Boxing Pound for Pound Rankings: Andre Ward cements standing as best in the world
Unbeaten Mikey Garcia returns to the top 10 as Sergey Kovalev falls out with second defeat
If there was any doubt regarding Andre Ward's status as the world's top pound-for-pound fighter, the unified light heavyweight champion's resoundingin Saturday's rematch likely put that to rest.
As with their first meeting last November, when Ward won a wildly contested decision, the theme of controversy returned in their second meeting, albeit in a different form when body shots from Ward teased low. But the eighth-round stoppage victory by Ward of a fading Kovalev instantly became the most impressive of his increasingly great career.
Ward, 33, remains the sport's most adaptable fighter outside of Floyd Mayweather, and showcased his ability to disarm a big puncher in Kovalev and wear him out by boxing evenly over the first half of the fight. It was high-speed chess at its finest as each fighter traded stiff jabs, mauled on the inside and fought to control distance.
In the end, Ward not only outlasted Kovalev, he showed a tremendous instinct to finish him off after winning the strategic and mental battle.

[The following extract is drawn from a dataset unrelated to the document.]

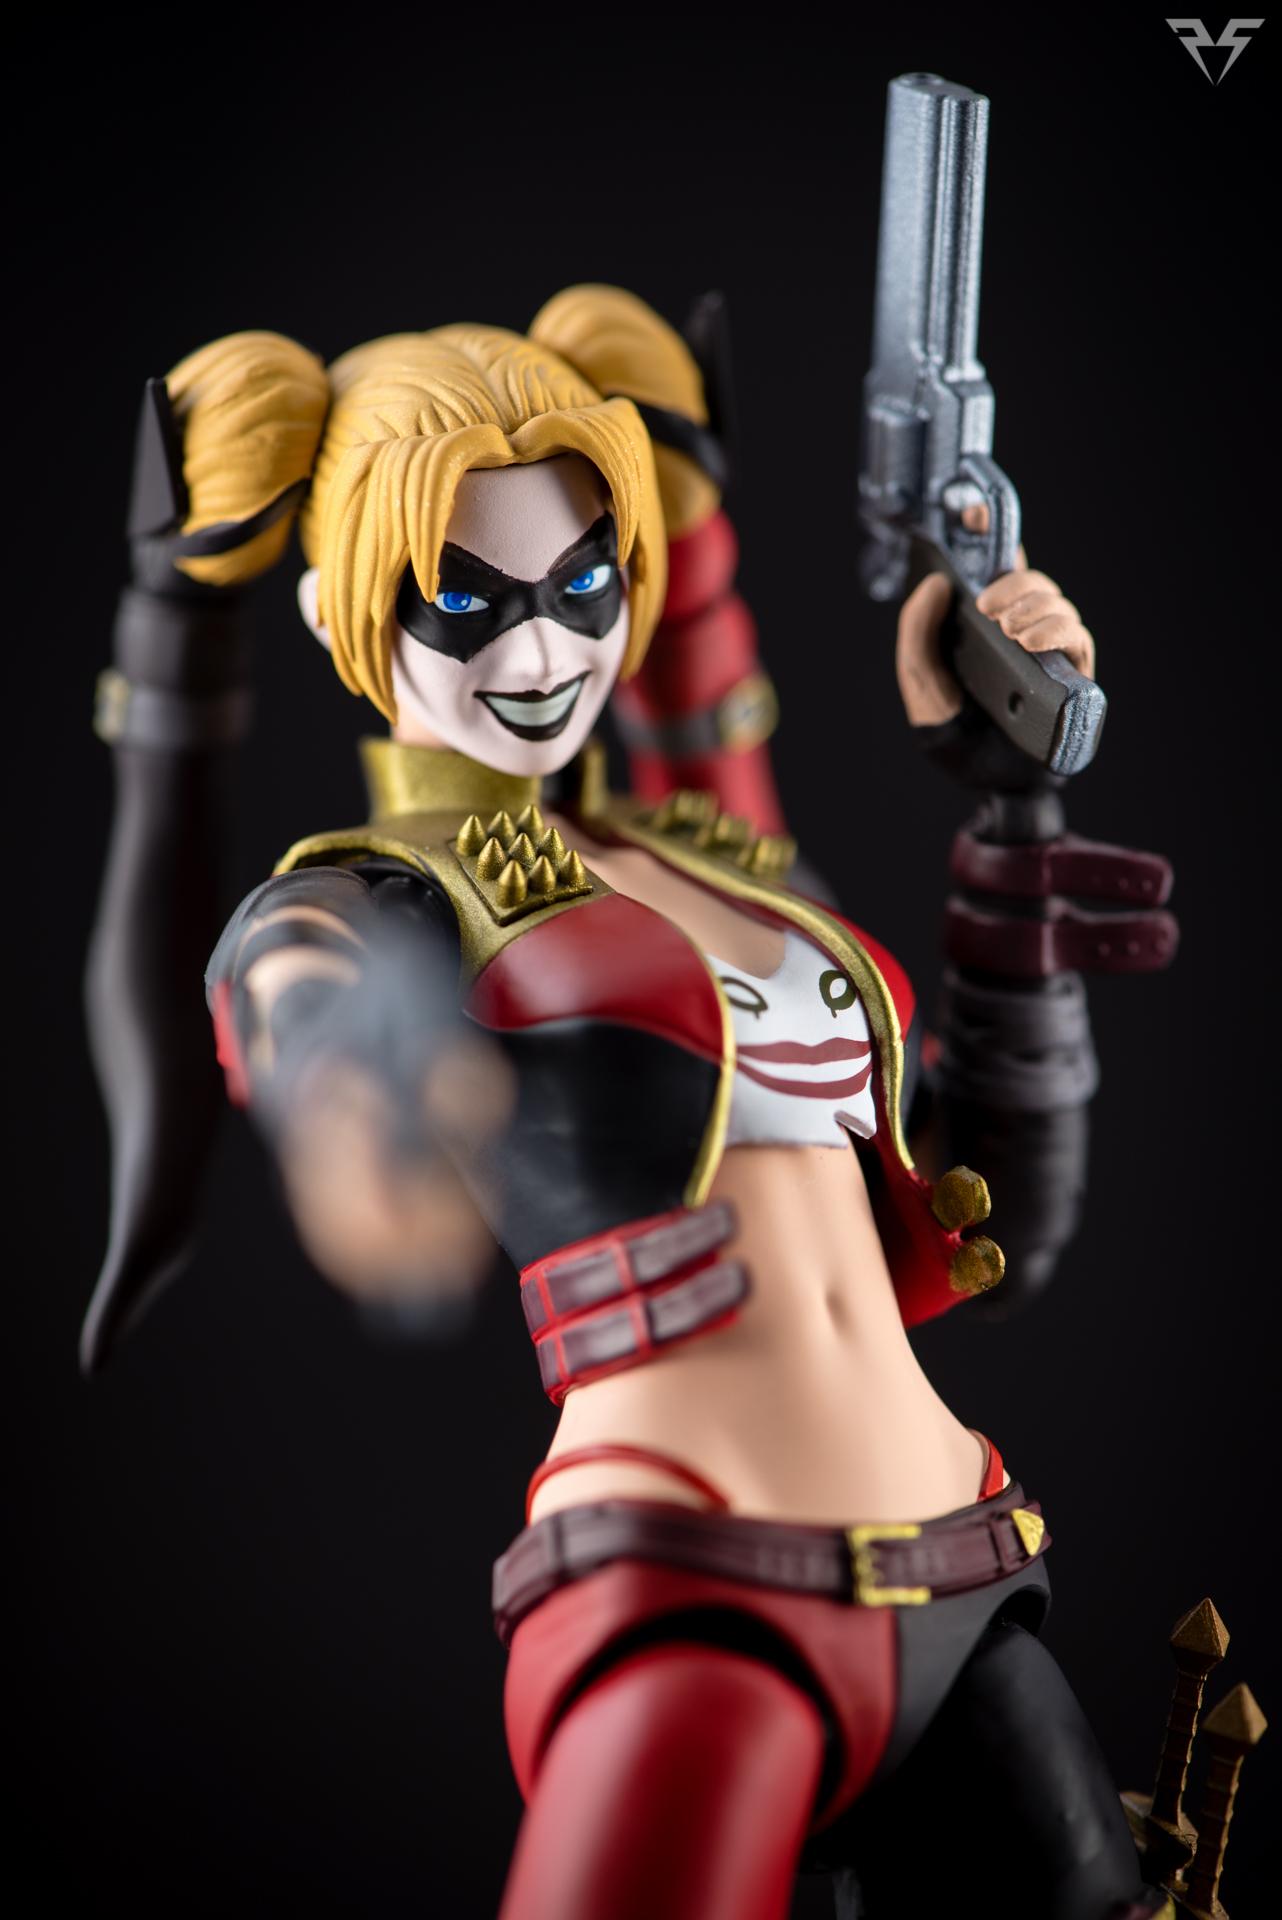 Figuarts Harley Quinn-28.jpg

After the fight, he talked up a desire to challenge for a cruiserweight or even heavyweight title against the right fighter in the perfect situation.
Kovalev, 34, just barely falls out of the top 10 after his second straight defeat, this time by knockout. It's back to the drawing board for the dangerous puncher, who could see a return to the P4P fold with a strong return.
|1. Andre Ward||32-0, 16 KOs||Unified light heavyweight champion||--|
|Forget talks of moving up in weight just yet, Ward has one more marquee light heavyweight challenge to pursue and that's mercurial lineal champion Adonis Stevenson.|
|2. Vasyl Lomachenko||8-1, 6 KOs||Junior lightweight champion||--|
The two-time Olympic gold medalist is simply operating on higher level than his competitors. His brilliant artistry has become a joy to behold. A rematch of his only loss against Orlando Salido would be a welcome fight.
|3. Gennady Golovkin||37-0, 33 KOs||Middleweight champion||--|
|The unified champion looked human for the first time in barely outpointing Daniel Jacobs in March. But it's possible the result helped him land the most important bout of his career in September against Canelo Alvarez.|
|4. Terence Crawford||31-0, 22 KOs||Junior welterweight champion||--|
|Crawford can simply do it all and appears ready to chase the big dollars at welterweight. He will need a big-name dance partner to help him become a star. It's time for Top Rank to offer Manny Pacquiao the kind of money he can't refuse.|
|5. Errol Spence Jr.||22-0, 19 KOs||Welterweight champion|
|Let the Spence era begin. He's long, tough and intelligent. Even more, he can punch. Spence appears to have a long run ahead of him high up this list.|
|6. Roman Gonzalez||46-1, 38 KOs||Junior bantamweight|
|It might be difficult to justify seeing "Chocolatito" go from P4P king to sliding down this list after one contested defeat. But the challenges are proving more difficult the higher Gonzalez moves up in weight. He'll get a second chance against Srisaket Sor Rungvisai on Sept. 9. |
|7. Manny Pacquiao||59-6-2, 38 KOs||Welterweight champion|
At 38, Pacquiao has remarkably retained his speed and boxing ability. But his matchmaking is starting to become soft. A July bout against unknown Jeff Horn will get prime exposure on ESPN, but offers no gain in terms of his P4P ranking.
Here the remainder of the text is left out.